Отягощенный подобными размышлениями, Борис совсем не заметил, как уроки закончились, и можно было отправляться домой. Домой к сложенным где попало баулам, контейнерам и коробкам идти не хотелось, но сегодня из Франции приезжал дядя Сережа, которого надо было максимально радушно встретить всей семьей. В принципе, торопиться было некуда, и он поплелся на улицу.

Марстепанна перехватила его по дороге и, не смотря на то, что он честно пытался сделать вид очень занятого непосильным трудом человека, строго спросила:

– Торопишься работать над проектом, Иванов? Может, приоткроешь завесу тайны, чем ты собрался нас удивить на этот раз? Только, умоляю, никаких пиратов и прочего плагиата…

– Не приоткрою, Марстепанна, – честно глядя ей в глаза ответил Борис, делая при этом весьма решительное лицо, чтобы она сразу поняла – в творческих тайнах он – могила. Такая тактика спасала его вот уже полгода, поскольку ответить Марстепанне оказалось нечего, но марку следовало держать до конца.

– Ну смотри, Иванов, – сурово сказала Марстепанна, – только запомни: творчество – дело индивидуальное и раскрывает твою и только твою неповторимую личность, так что постарайся родителей не загружать, думай своей головой… Надеюсь она у тебя не только для того, чтобы шапку носить…

– Не только, – честно признался Борис, а когда классная уплыла за горизонт, грубо добавил, – Еще я в неё ем…

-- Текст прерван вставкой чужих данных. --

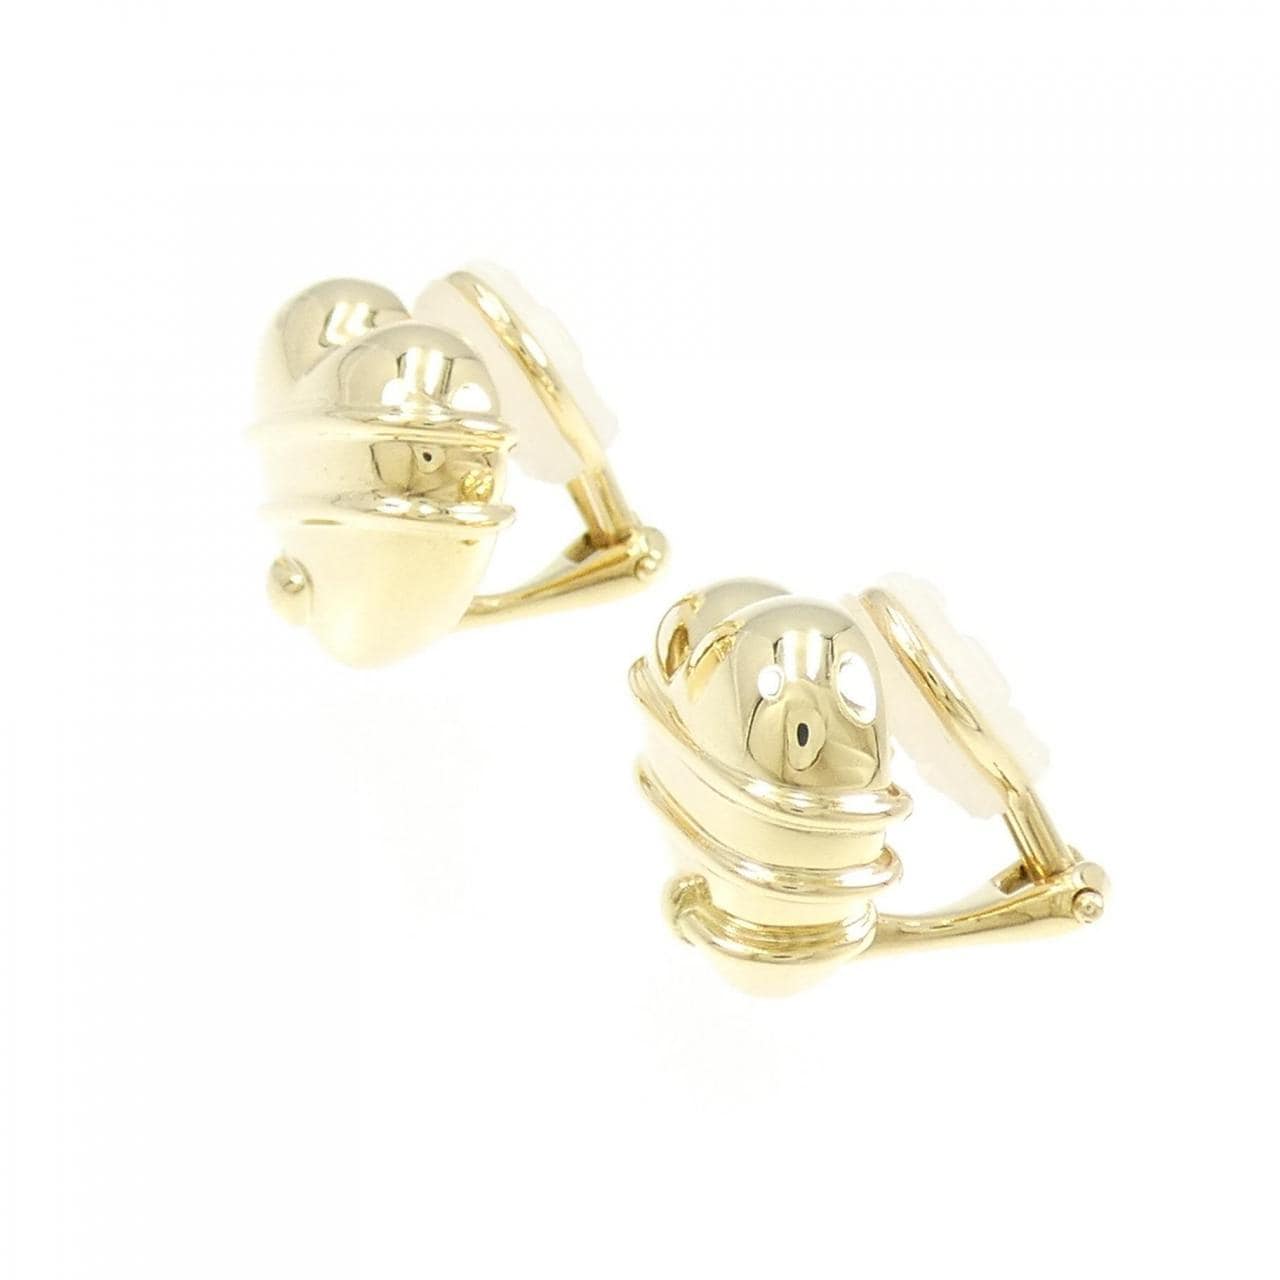 TIFFANY 750YG heart earrings

Настроение эта встреча окончательно испортила, поэтому он мстительно пнул попавшуюся под ноги скомканную шпаргалку по ЕГЭ, к которым лихорадочно готовились старшеклассники, и направился к выходу.

Он приложил пластиковый пропуск к панели турникета, а когда тот моргнул зеленым светодиодом и выпустил его на волю, неторопливо отправился через парк по направлению к дому. По дороге Варвара сделал крюк, специально обогнув школу, чтобы издалека посмотреть на закрытую дверь. Та окончательно облупилась, стала унылой, какой-то блекло-серой и больше походила на тоскливое продолговатое пятно, чем на путь в неизведанное. На стене около двери кто-то написал жирным маркером прямо на штукатурке оптимистичное четверостишье: Небо большое и дальнее, под ним города и сёла. Не пишите на стенах печальное, да, и думайте о весёлом. В остальном стена и дверь были унылые. И только заржавевший замок выделялся издали рыжим пятном.

Борис погладил в кармане массивный ключ № 0, потом зачем-то переложил его в куртку и прямиком через парк отправился в сторону дома. В парке стало многолюдно, галдели дети, играя возле пруда и пенсионеры бодро осваивали терренкур, перебирая скандинавским палками. Казалось, что они едут на невидимых лыжах по серой галечной дорожке к неведомой цели.

По дороге Борис заскочил в супермаркет и купил пару сосисок. Сосиски ему были нужны не для себя, а для питомца, точнее питомицы – бездомной собаки Зинки, которая после смерти старой хозяйки осталась жить в подъезде Бориного дома. Жила она на первом этаже, благо никто из жильцов не возражал (народ в доме собрался сердобольный). Зинку Борис очень любил, всячески опекал и регулярно кормил собачьим кормом, сосисками, обрезками колбасы и всякими вкусностями, легко отрывая их от своего стола. Зинка была породы дворняга, но симпатичная, маленькая, рыжая, похожая на лисичку с черно-карими умными глазами и очень приветливая. Сначала Борис хотел назвать её Томкой в честь спаниеля из рассказов Чарушина – эту книжку он обожал с раннего детства, но имя не прижилось. Собаку все любили и баловали. Даже непреклонная мама частенько приходила домой из магазина с обломанным на четверть батоном, поскольку Зинка хлеб ела с удовольствием, и мама с ней охотно делилась.